- _INFORMATION SUPPLIED_
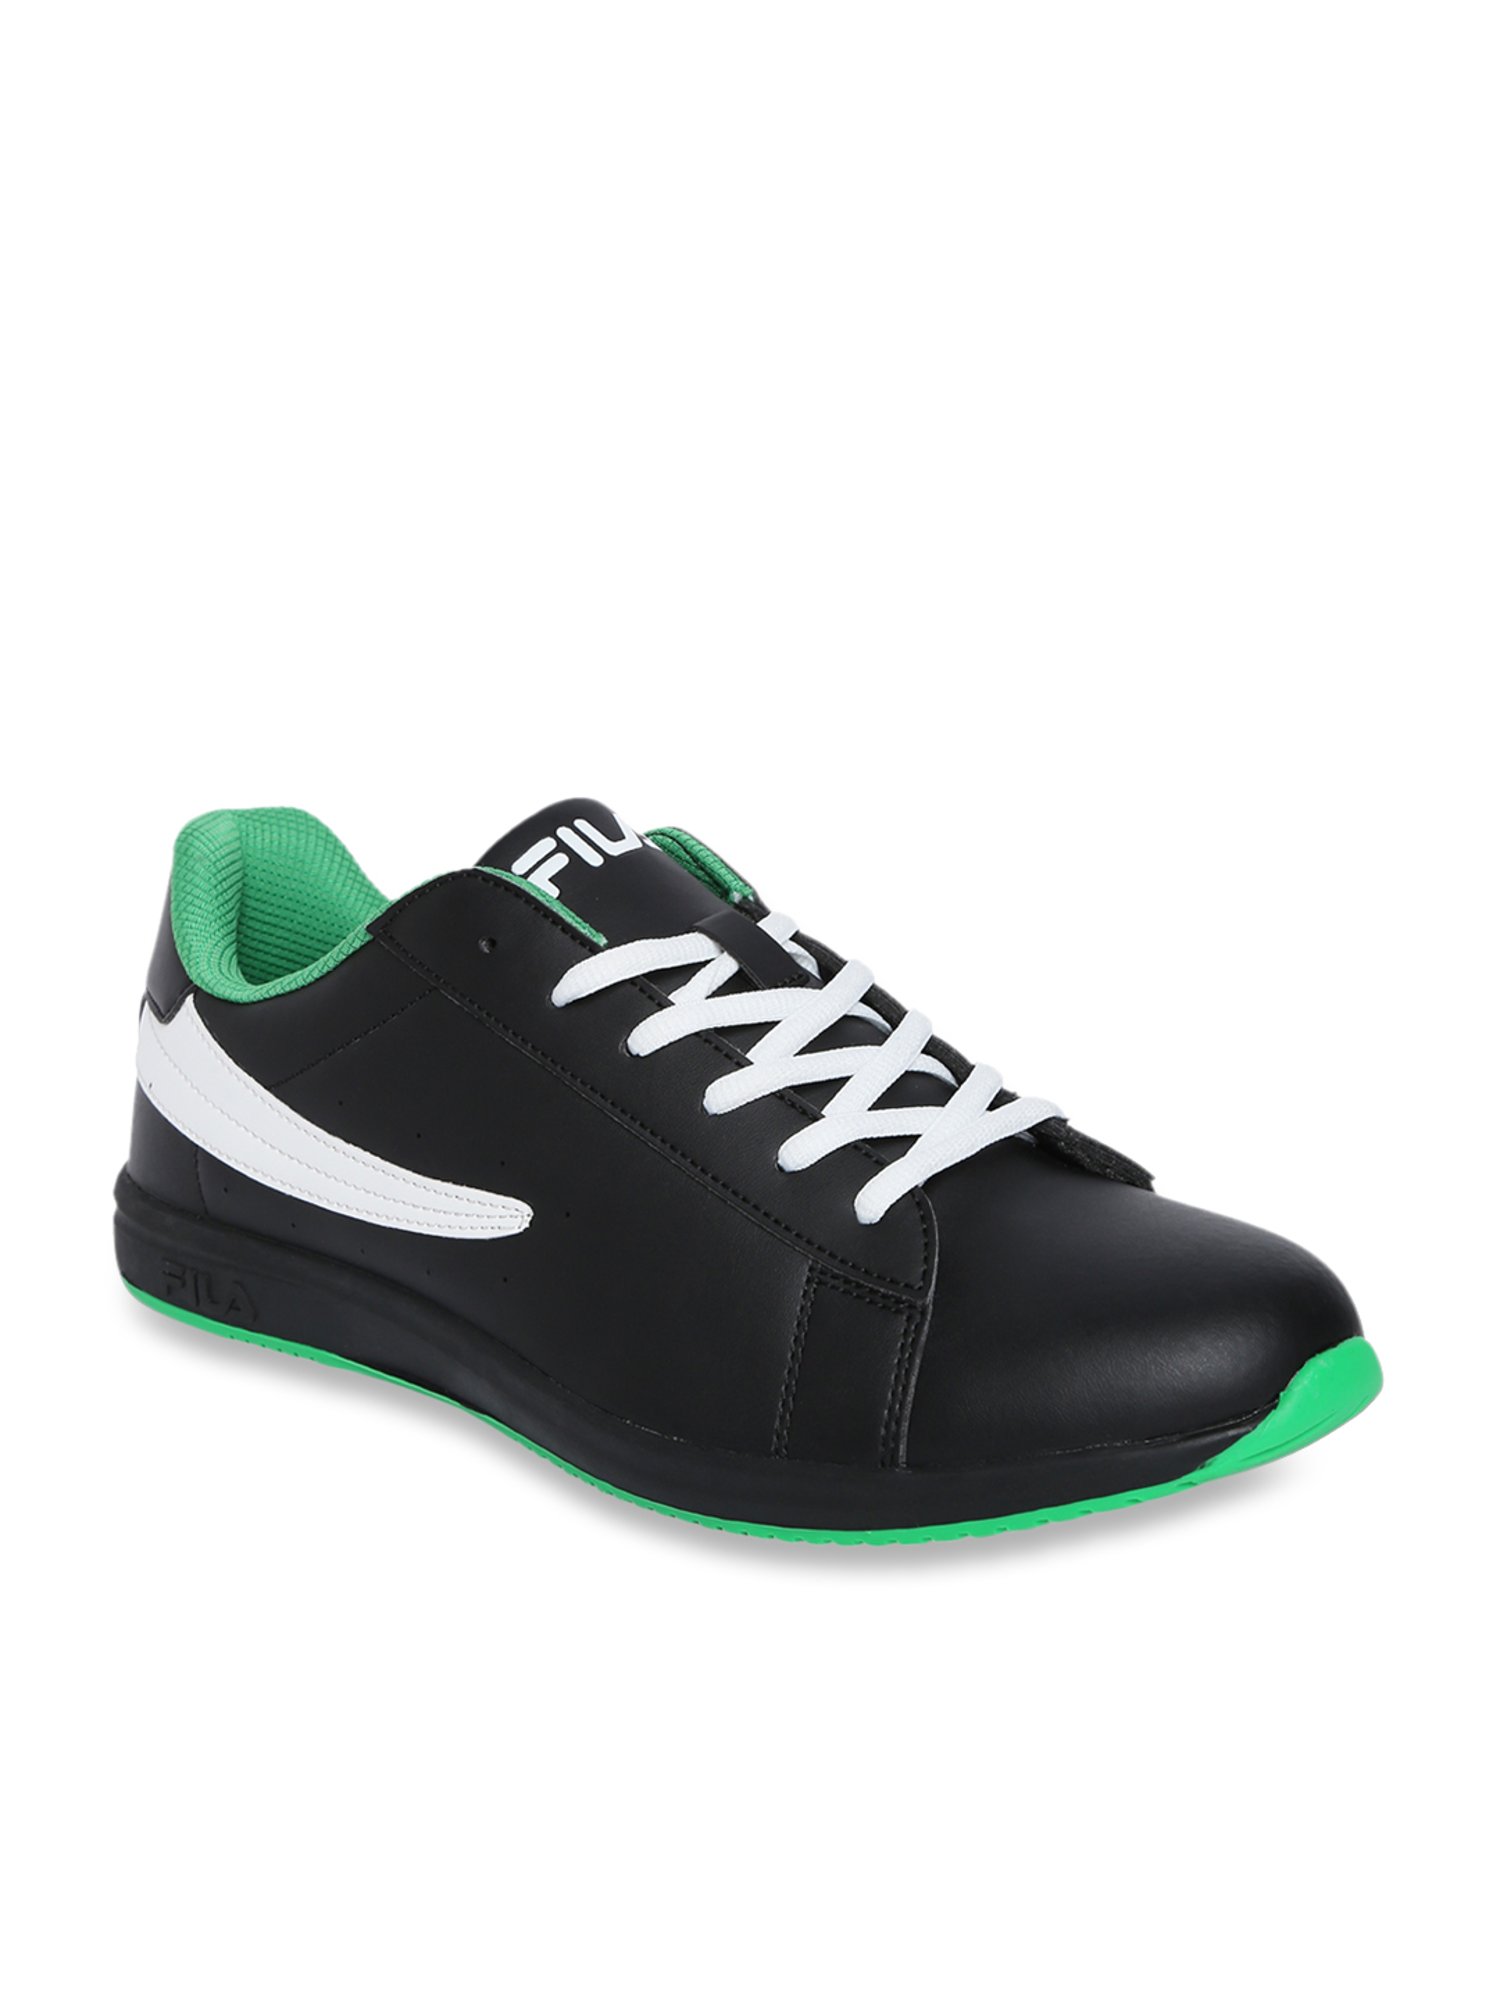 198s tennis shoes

--

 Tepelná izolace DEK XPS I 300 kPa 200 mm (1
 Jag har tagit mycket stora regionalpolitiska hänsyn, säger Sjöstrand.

- _REQUIRED ACTION_
Above are the records; from them, give again exactly the lines from the one containing "Tepelná izolace DEK XPS I 300 kPa 200 mm (1" to the one containing "Jag har tagit", both lines included, and nothing more.

- _RESPONSE_
 Tepelná izolace DEK XPS I 300 kPa 200 mm (1
 Jag har tagit mycket stora regionalpolitiska hänsyn, säger Sjöstrand.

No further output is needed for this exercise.